Difficult to talk about London Fields for very long without mentioning Saturday’s farmers market. In a typically contrary way, I prefer Broadway Market sans market. Which isn’t to say that I don’t appreciate having a farmers market on my doorstep. I know I sound like a spoilt brat and I do like parts of it. I really love the aforementioned mushroom sandwiches and the range of cheese sold by Hot French Cheese Guy is v good.

The Broadway Market Traders’ and Residents’ Association have done an amazing job in bringing a bit of community magic to E8 and it’s difficult not to admire a market that champions local people and produce. The people on the market clearly care about what they sell and how they sell it.

Patrick White, a former eastender (the place not the fun-filled tv show) recently wrote about the market in glowing terms though even he sounded a little miffed at paying ten quid for a lump of cheese. You can see his point. Regeneration, kids doing it for themselves, keeping Tesco at bay etc etc.

My gripes with the market are completely personal and more to do with stupid arses like me, than the market itself. I don’t like is being jostled by billions of boys in skinny jeans and pointy boots larking around being wacky. And I definitely don’t like queuing up for about 47 hours to get a beef burger, no matter how delicious and expertly reared it is. Broadway Market is ace around Christmas, pretty good throughout spring, but come summer it’s a mess of overly nonchalant thirty-somethings wielding babies like bazookas and idiotically dressed hipsters.

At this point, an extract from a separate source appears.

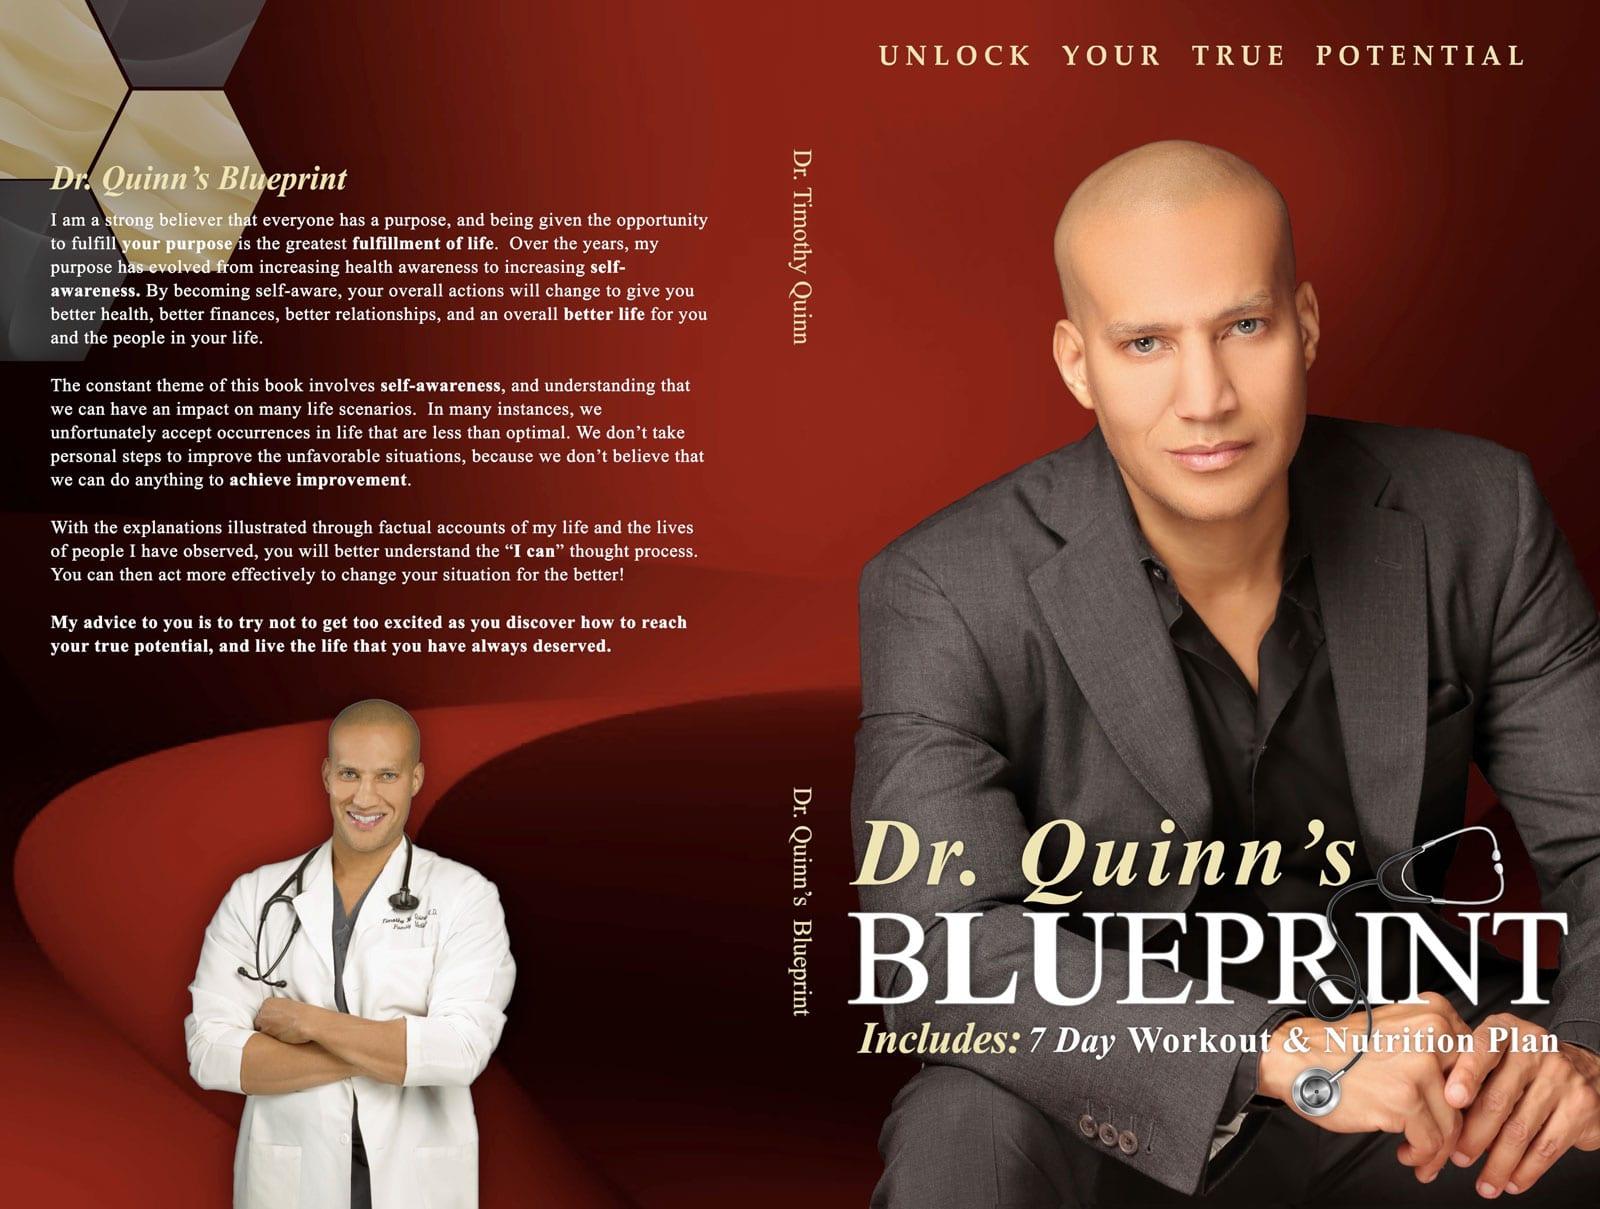 Dr. Quinn's Blueprint

My other problem with the market is to do with my working-class hero evil twin syndrome. It’s not real. Real markets have fat men shouting about tomatoes, and blokes who’ve sold foam for twenty years hence earning the name “Jim the Foam”. Real market stall folk rely on guile and bloodymindedness throughout the winter months and charm the rest of the time. The stall-holders on Broadway Market sell lovely things for a lot of money. But they don’t have to make an effort. Some are friendly enough but most are too busy throwing organic chard to the seething trendy masses to have a bit of a chat. So the joy of market banter is lost. My dad had it in spades. He could charm the pants of an old dear at twenty paces. She’s have a tartan wheely trolley full of slippers for the whole family before you could say bargain.

Our farmers market is not really a market: it’s a tourist attraction. Somewhere to ponce about, meet your pals and pay four quid for a very posh butty. That’s fine in its own way, but I want markets to have good produce that you can afford. I want them to be the place where you go every week to buy all your fruit and veg. I want fat blokes and old blokes and little old ladies barging people out of the way with their trolleys. I want people to be there to buy food and not just for their lunch. I want the traders to make me laugh. Shopping at food markets would definitely go into my Top Ten Favourite Things Ever – but Broadway Market leaves me cold.